Чтобы занять это место, сильный отряд должен собраться в Гильдагане, где место открытое: отряд может стоять безопасно; есть ручьи; на время можно вырыть колодцы, грунт удобен. От Старого-Юрта, откуда ход удобнее, этот аул Галэ, мне кажется, верстах в двадцати не более; от укрепления Куринского — верстах в десяти, но отсюда проход будет затруднителен, по гористому и лесистому местоположению.

Провиант сначала можно запасти в укреплении Горячеводском, что при Старом-Юрте.

На Аргуне построение будет совершенно легко: место чистое. Не могу утверждать, хорошо ли это все, как я сказал, но как думаю и что мог видеть, считаю обязанностью открыть.

Земляные укрепления кавказские не требуют больших издержек; орудия же можно вывести во вновь построенные из укреплений давних, близких к линии.

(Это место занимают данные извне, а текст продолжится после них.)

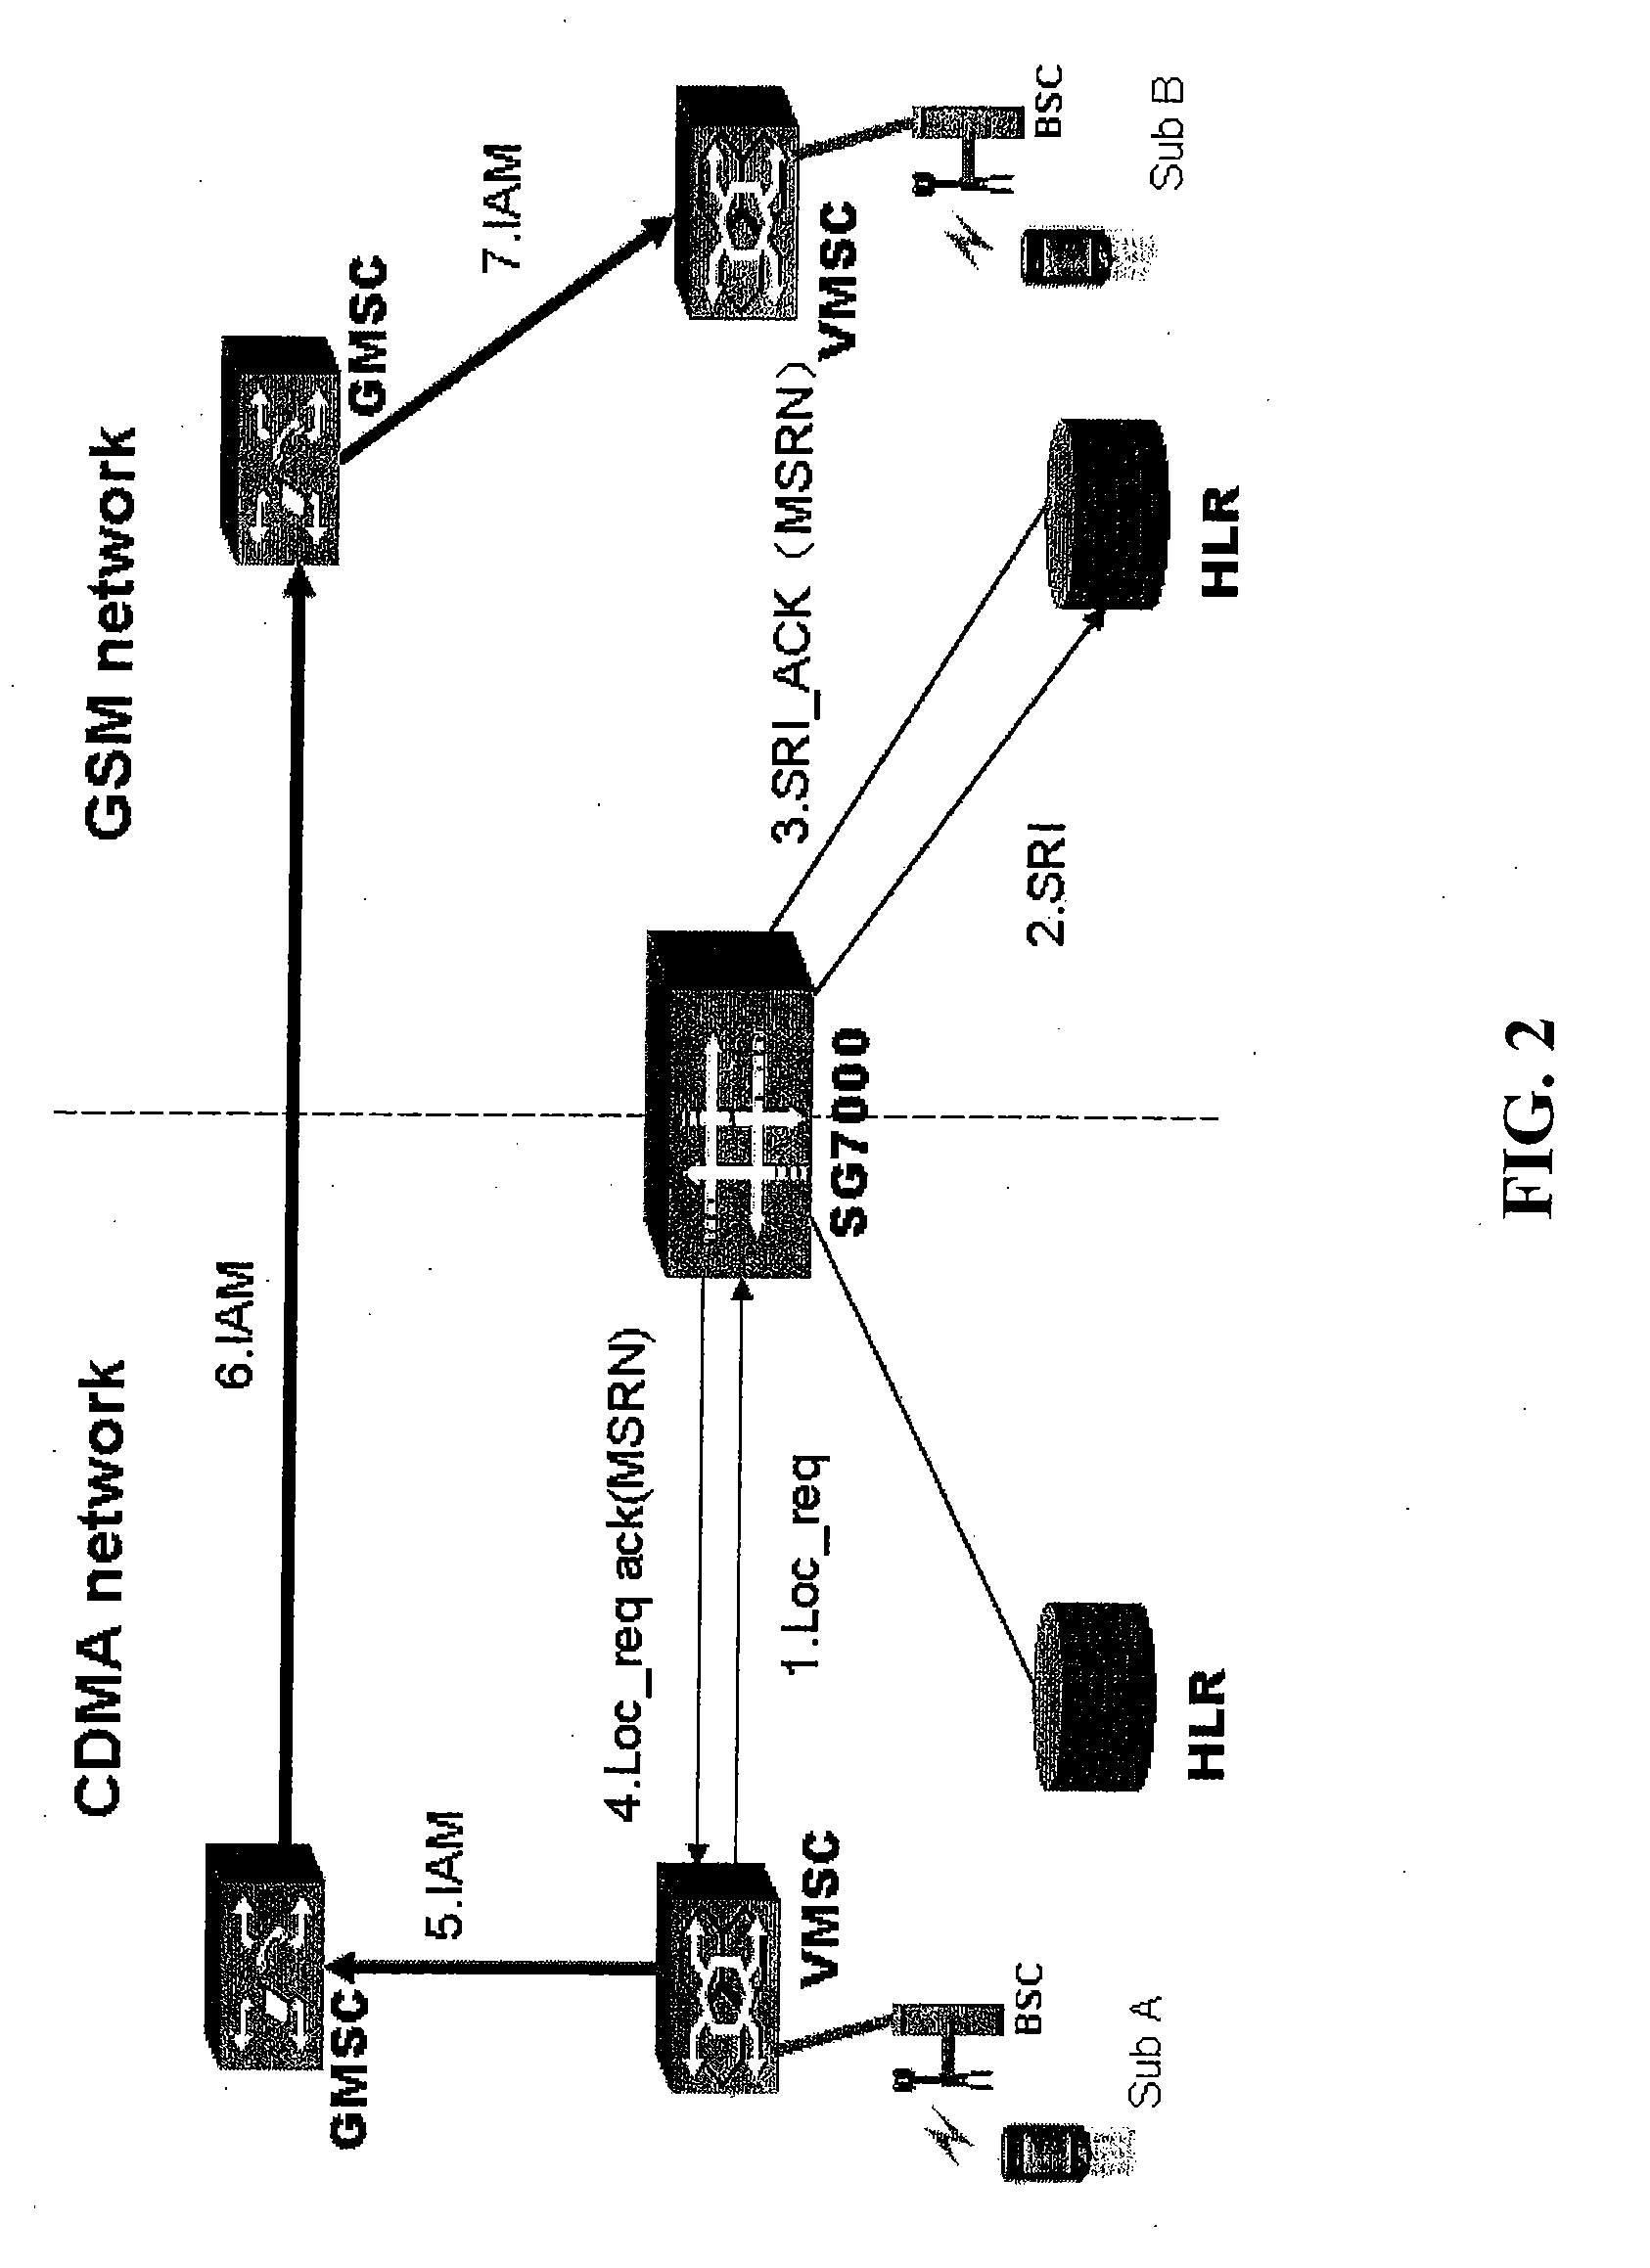 Method and system for inter-network mobile number portability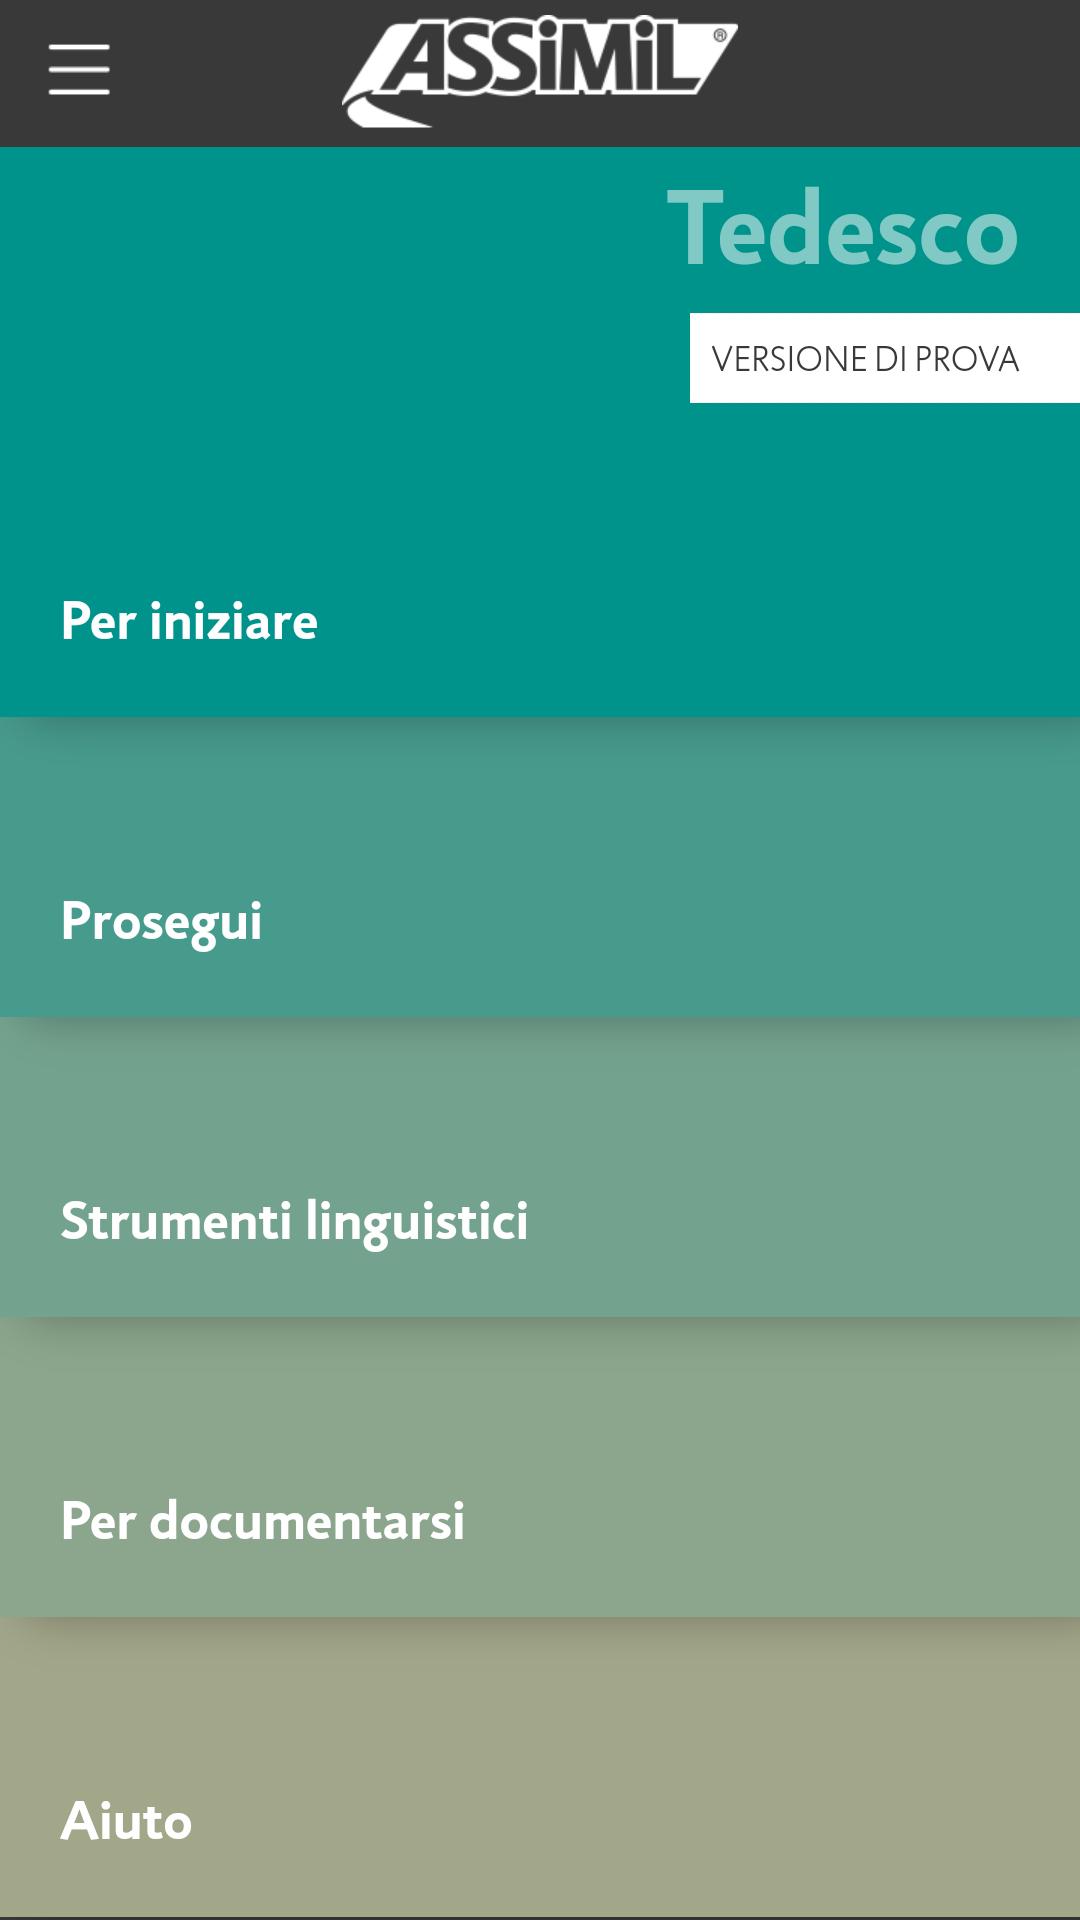 Impara Il Tedesco B2 con Assimil for Android - APK Download

Верст семь все вверх и вверх шли мы дремучим лесом, отдыхали мало, я отставал; Високай родился в горах и был, неутомим: часто, уйдя вперед, он поджидал меня. Мы утоляли жажду огурцами; а виноград, вившийся по обе стороны тропинки, как бы сам падал к нам. Наконец мы поднялась на самый хребет; было часов пять пополудни; перед нами развернулась картина чрезвычайная. Старик, дойдя до гребня, спускавшегося ужаснейшею скалой, остановился, подперся и ждал меня. «Посмотри, каково!» говорил он мне, показывая на разбросанные там и сям аулы, инде в тумане, а где ярко освещенные закатывавшимся за горы солнцем. Я вспоминал времена прадедовские и любовался молча. «Ну, что? зайдут сюда Русские?.. Можно провести сюда вокку-топ (большое ружье — пушка)?» — Да, нельзя, — отвечал я, любуясь картиной.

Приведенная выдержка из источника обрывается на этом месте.